Start of DATASET EXTRACT
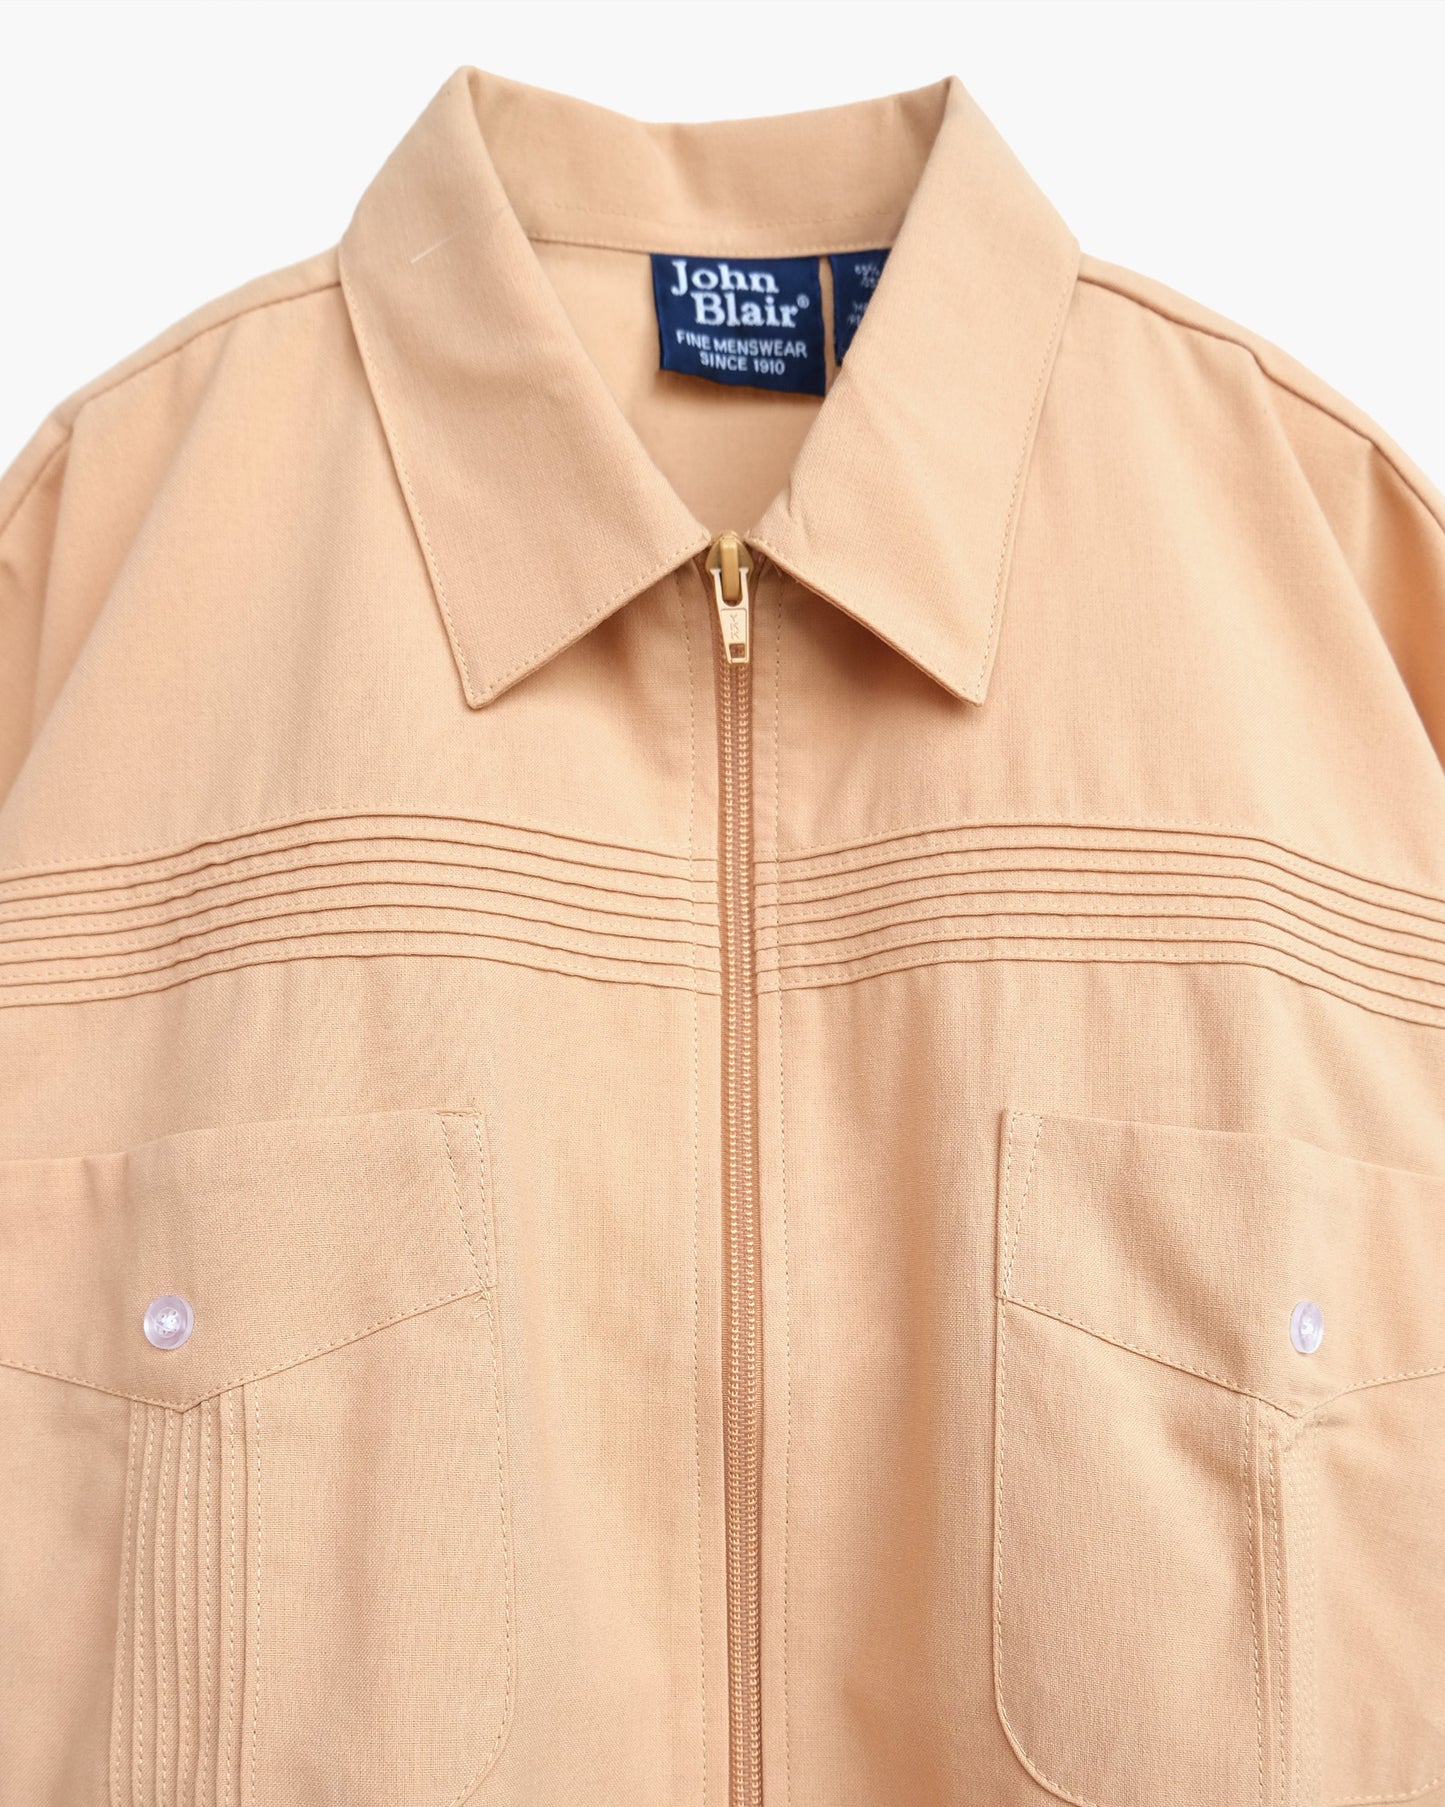 S/S Zip-Up Shirt Jacket
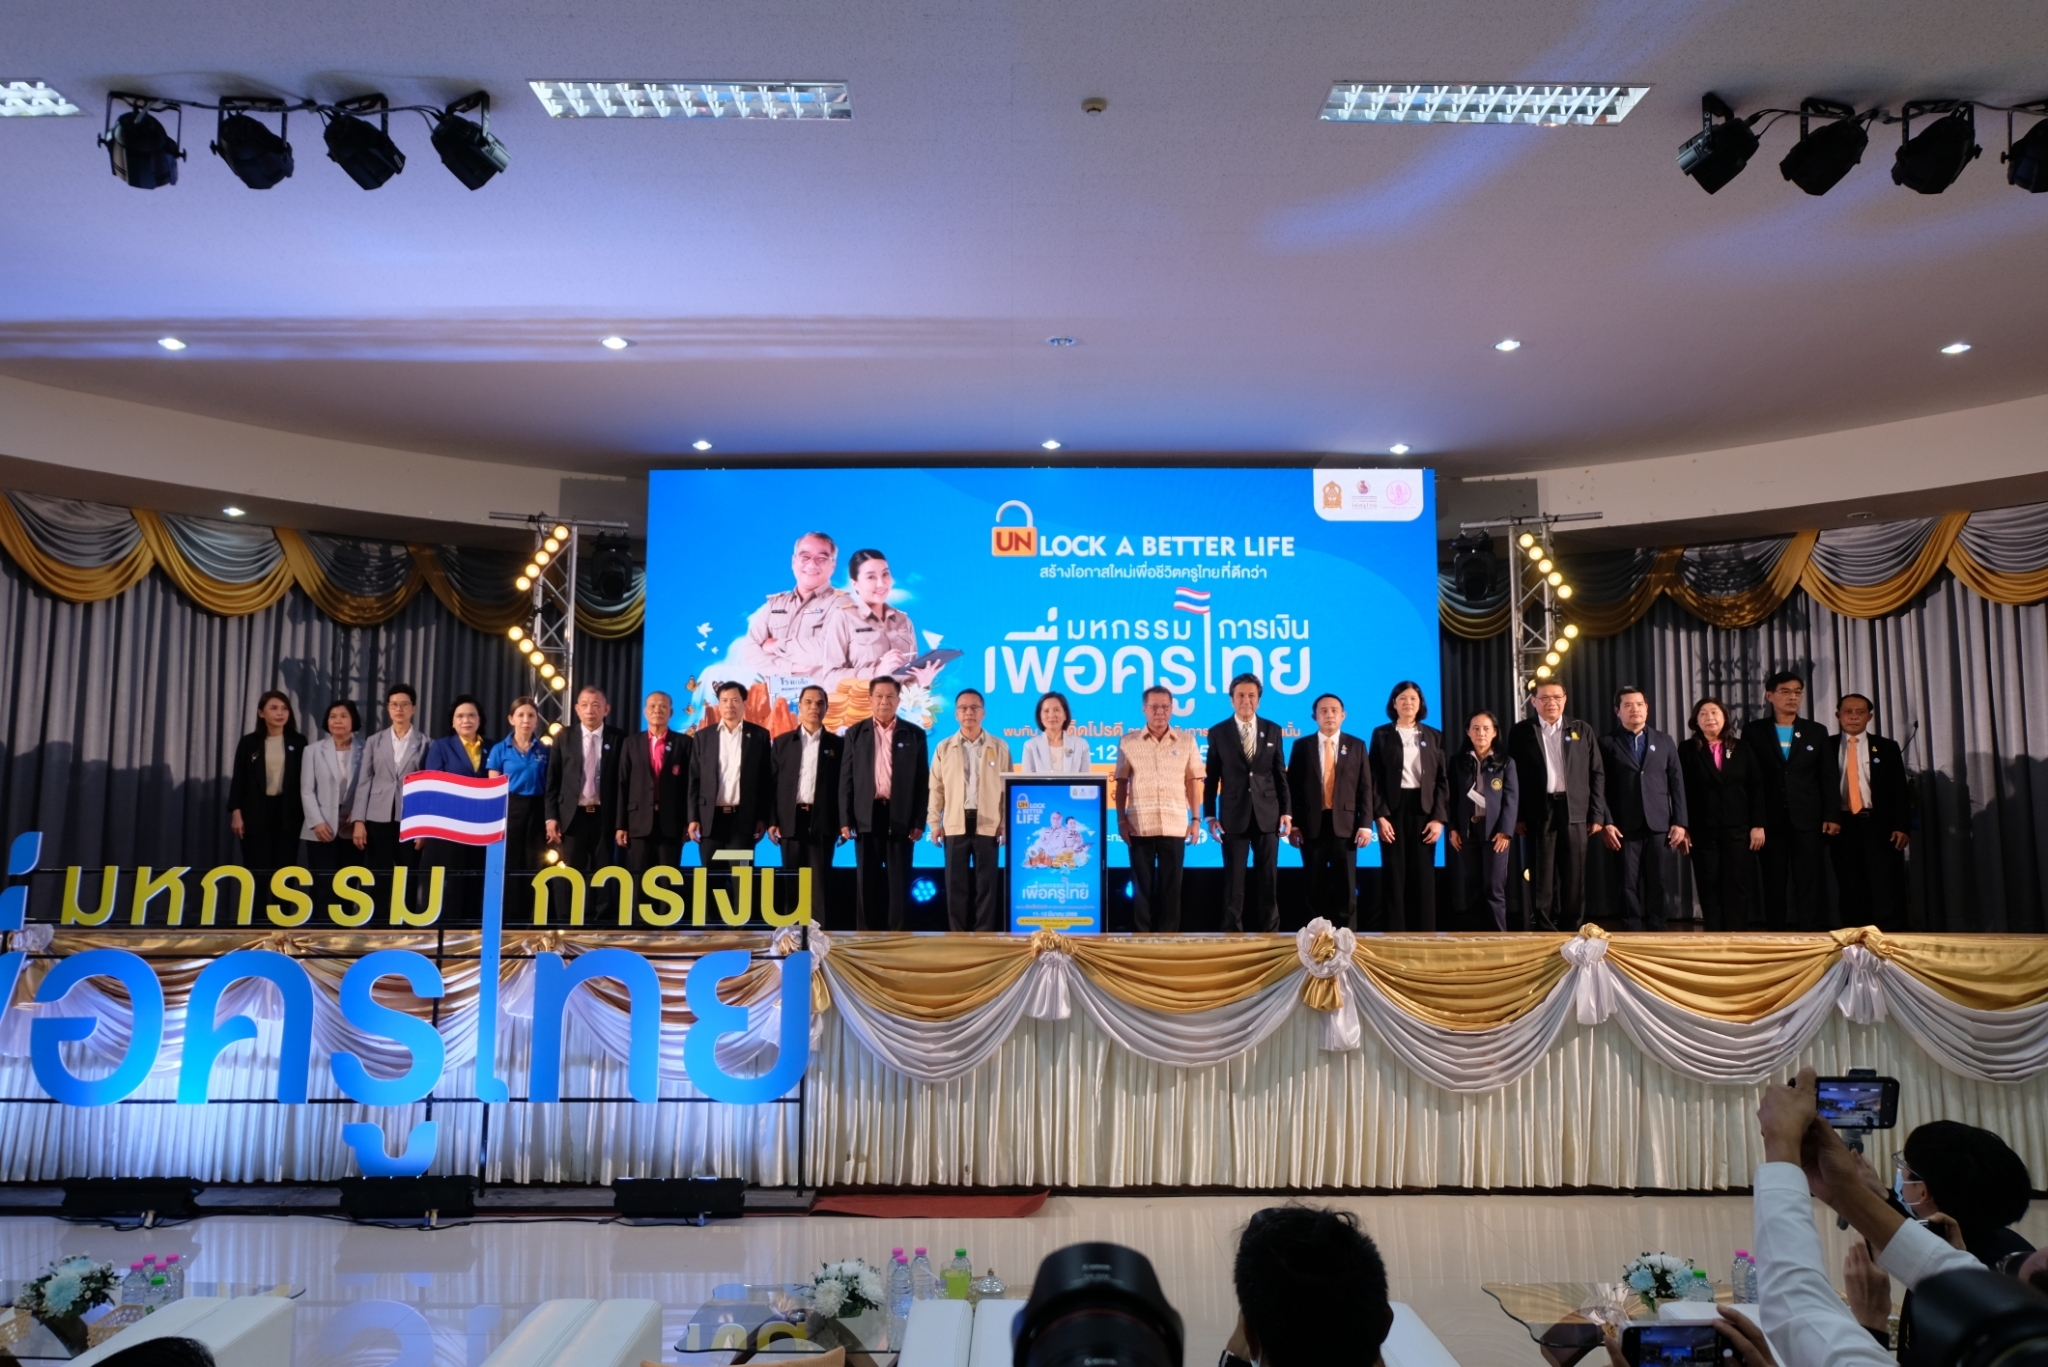 กยศ. เข้าร่วมพิธีเปิดงานมหกรรมการเงินเพื่อครูไทย 4 ภูมิภาค “Unlock a better life” สร้างโอกาสใหม่ เพื่อชีวิตครูไทยที่ดีกว่า  
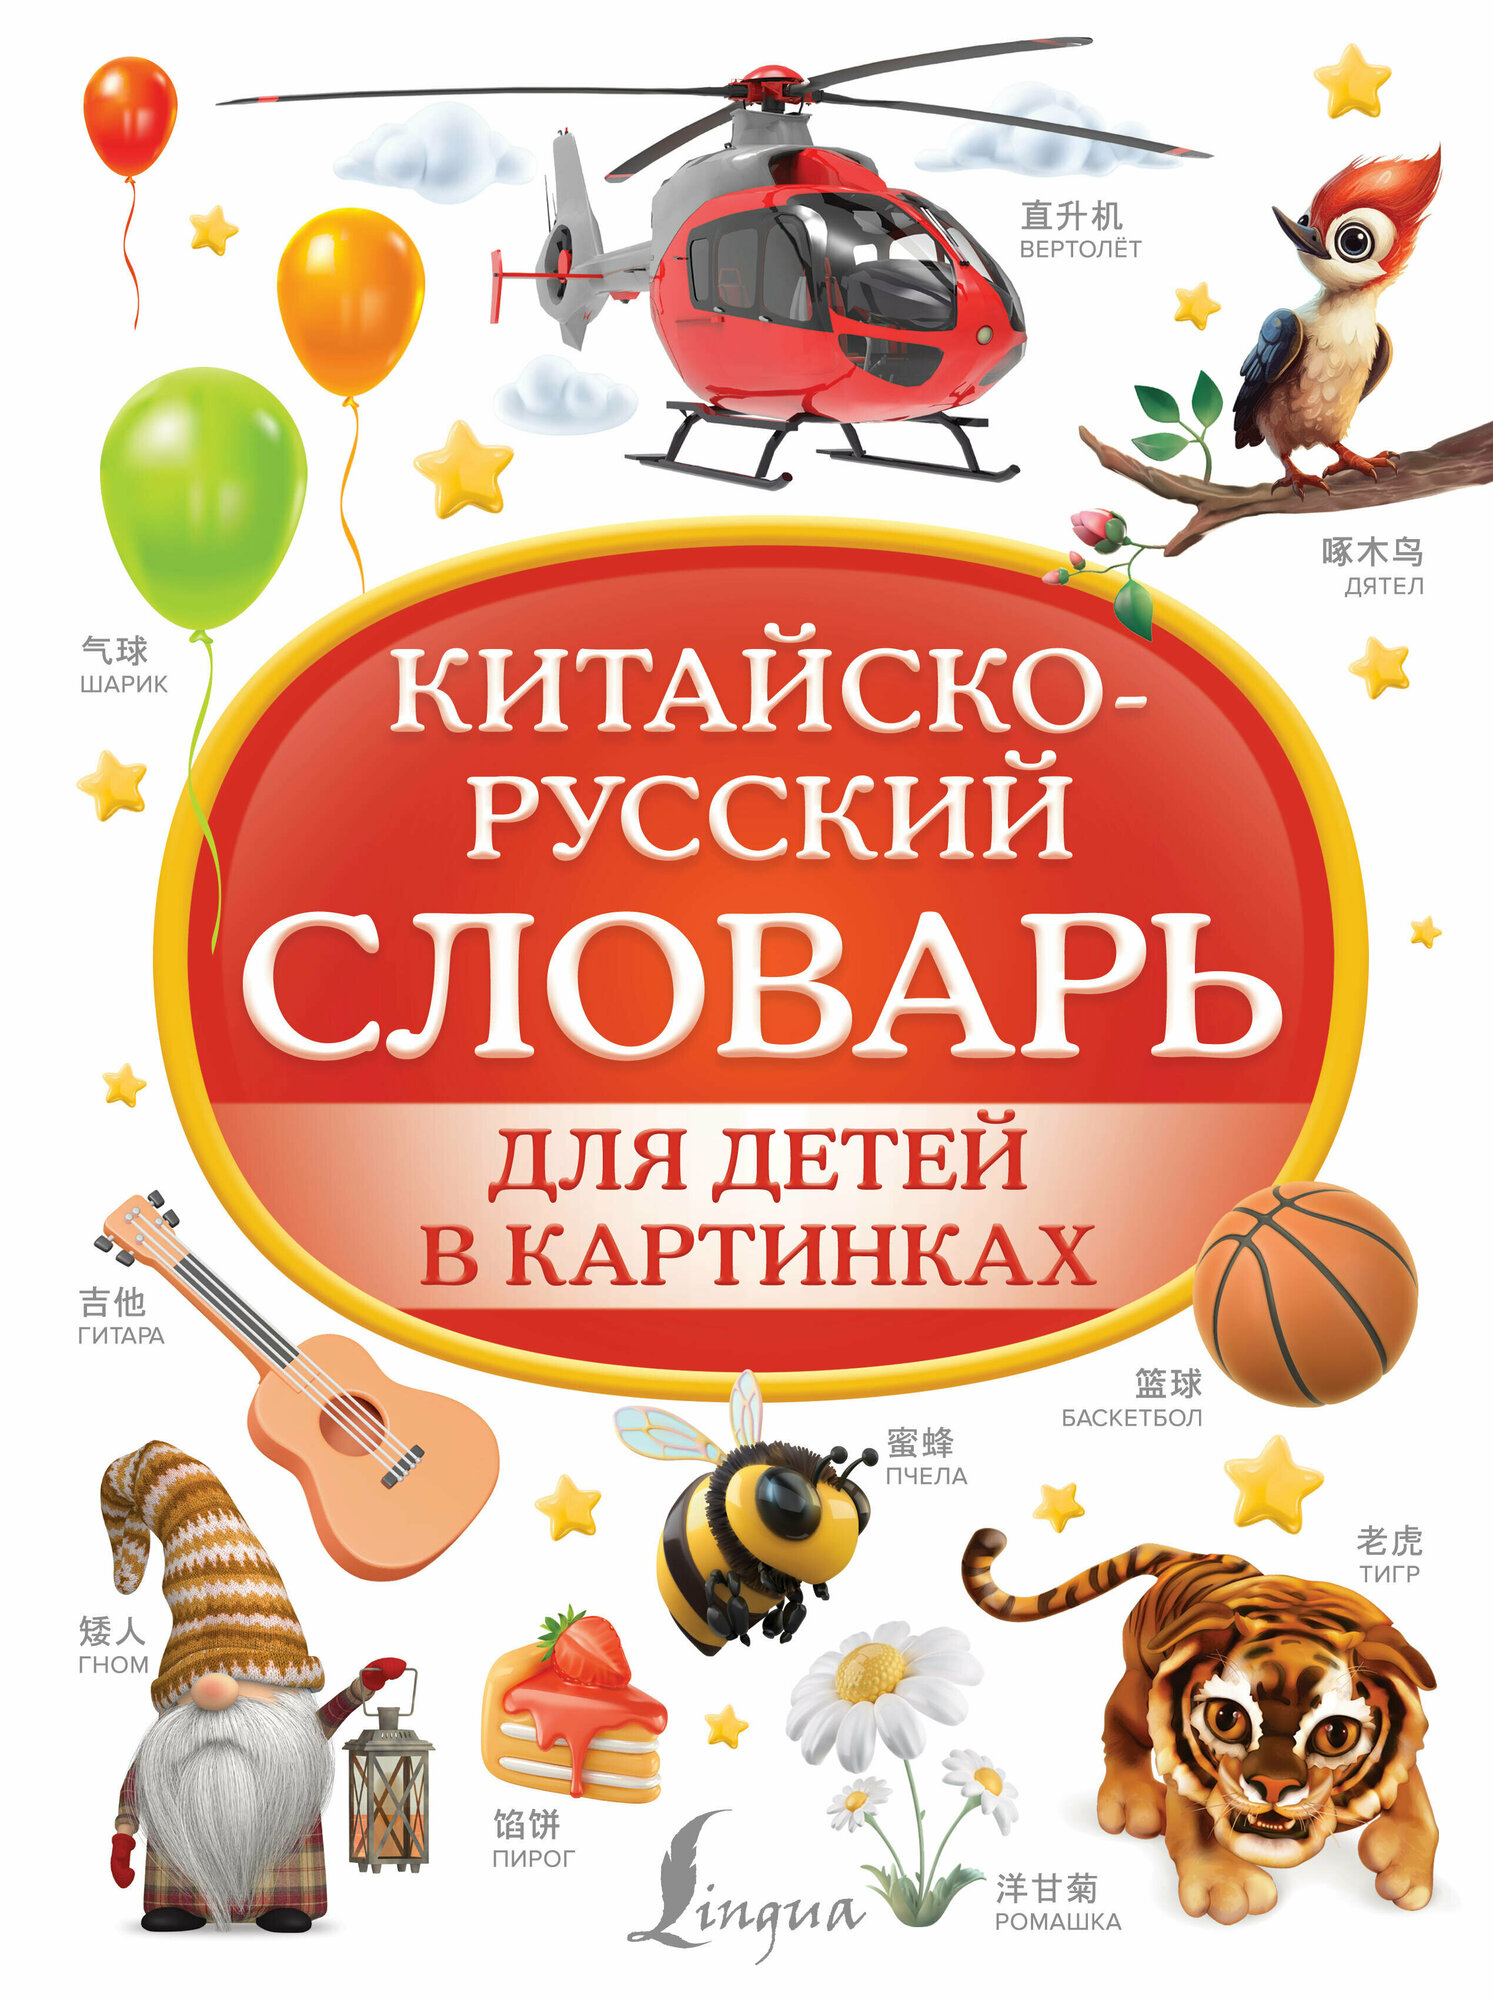 Китайско-русский словарь для детей в картинках - фото №1
End of DATASET EXTRACT
WHAT IS NEEDED —
After locating the line with "กยศ. เข้าร่วมพิธีเปิดงานมหกรรมการเงินเพื่อครูไทย 4" in the listing above, transcribe it and every line after it to the last, exactly, with no pictures.

RESPONSE —
 กยศ. เข้าร่วมพิธีเปิดงานมหกรรมการเงินเพื่อครูไทย 4 ภูมิภาค “Unlock a better life” สร้างโอกาสใหม่ เพื่อชีวิตครูไทยที่ดีกว่า  
 Китайско-русский словарь для детей в картинках - фото №1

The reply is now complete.